MICRO credentials are a key part of a new initiative that will fast-track British Columbians to gain the education and skills they need for high-demand jobs.
“Micro credentials are an exciting new initiative for B.C. post-secondary education that will enable learners to get the education and skills they need to access high-demand jobs,” said Anne Kang, Minister of Advanced Education and Skills Training. “My ministry worked with the post-secondary sector, which was quick to accept the challenge to develop and implement micro-credential offerings that would suit learners from a wide range of employment or education backgrounds. I’m confident that the first wave of 24 micro credentials will help people get the skills they need to get back to work and get ahead.”
A total investment of $4 million ($2 million from the Province and $2 million through the Canada-BC Workforce Development Agreement) has enabled 15 public post-secondary institutions to provide short-duration micro credentials for more than 2,000 British Columbians who need to reskill or upskill, so they can take advantage of opportunities in high-demand sectors. These will be especially helpful for those individuals whose employment has been impacted by COVID-19.
“Today’s micro-credentials announcement is an important part of the Province’s economic recovery plan, where $47.5 million is being invested to help thousands of people upskill or reskill to find their place in the post COVID-19 economy,” said Janet Routledge, MLA for Burnaby North. “I’m so proud that Burnaby and communities across the province will benefit from these micro credentials, as people find opportunities to quickly put their new skills to work for themselves, their families and their communities.”

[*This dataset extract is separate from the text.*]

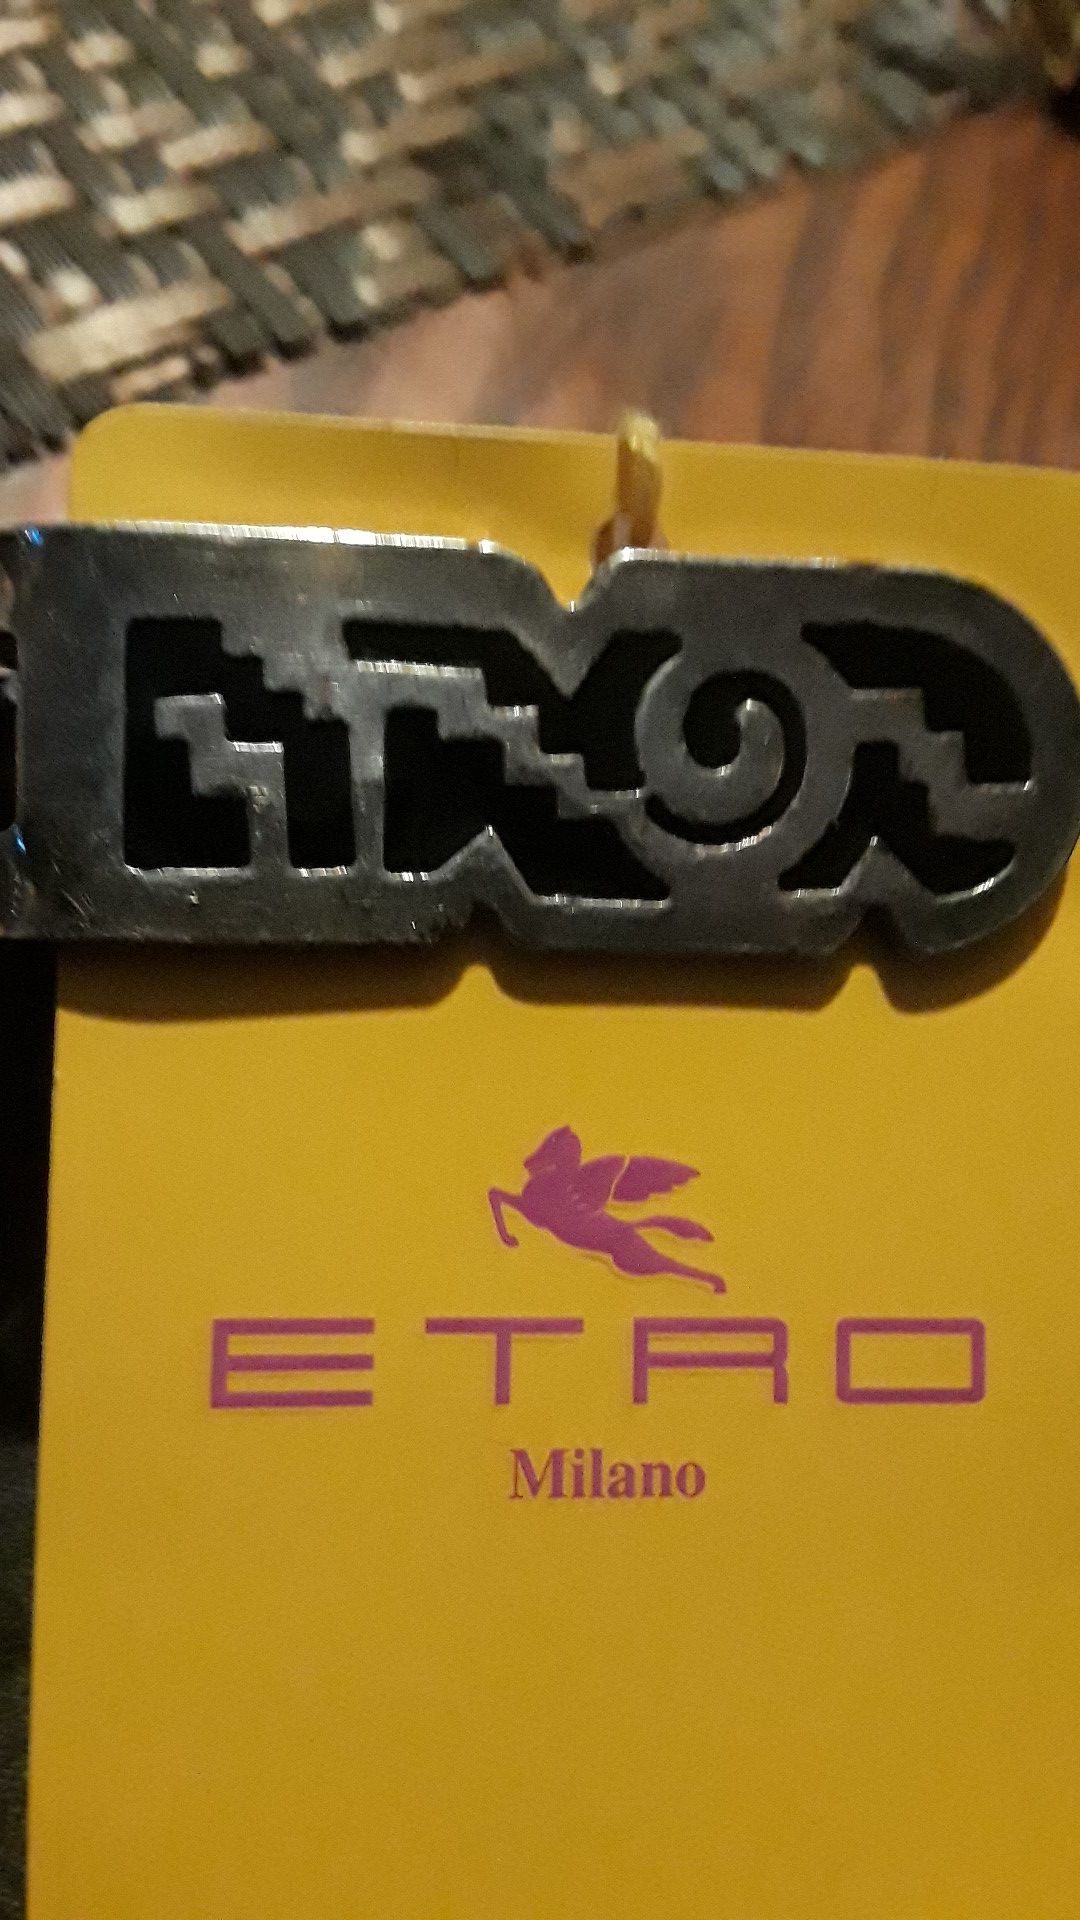 Absolutely Gorgeous Italian Designer's ETRO MILANO money clip. Made in Italy.

Micro credentials represent an opportunity for learners to access post-secondary education or to enhance their recognized education and skills. Many micro credentials will be credited or recognized as a launching pad toward completion of longer programs. Over time, micro credentials could become “stackable.” This means learners may have the opportunity to combine individual micro credentials to earn full credentials, such as certificates and diplomas.
Because the training that leads to micro credentials is short in duration, learners who have family or work obligations can access training when it suits them, without the time and cost commitment of typical post-secondary education.
The ministry sought proposals from B.C.’s public post-secondary institutions to develop and implement high-demand micro credentials. Twenty-four micro credentials were selected for development and initial offering prior to the end of March 2021. Micro credentials offered include courses related to essential workplace skills, CleanBC and climate action, technology and emerging economies, health and human services, and construction maintenance.
This investment in micro credentials is part of StrongerBC: BC’s Economic Recovery Plan, helping thousands of people upskill or reskill and find their place in the post-COVID-19 economy. The plan outlines the steps government is taking to help people, businesses and communities recover and come out of COVID-19 stronger and better prepared to meet the challenges ahead. StrongerBC is part of B.C.’s $10-billion COVID-19 response, which protects people’s health and livelihoods, while supporting businesses and communities.
Kathy Kinloch, President, British Columbia Institute of Technology (BCIT), said: “BCIT’s micro credentials give learners a unique opportunity to efficiently upskill or reskill in high-demand industries, allowing them to leverage our unique education model and work towards a certificate, diploma or degree at their own pace. The new BCIT mass timber micro credential fulfils two important economic objectives. First, it reflects the Province’s sustainability goals and, second, provides training in the green technology and material that will be used to build BCIT’s new student housing development on our Burnaby campus. Alongside our micro credentials in digital transformation and natural resource and environmental protection, these educational pathways are an impressive and innovative contribution to B.C.’s economic recovery.”
* Over the next decade, approximately 80% of job openings in B.C. will require some form of post-secondary education.
* The impact of COVID-19 means many people will need to transition toward more in-demand jobs to support economic recovery.
* People who complete a micro credential may seek more post-secondary education or training, further improving their qualifications and expanding their career opportunities.
* The Canada-BC Workforce Development Agreement is a bilateral agreement providing federal funding to the Province for labour-market programming. It supports British Columbians through a range of skills training and employment supports.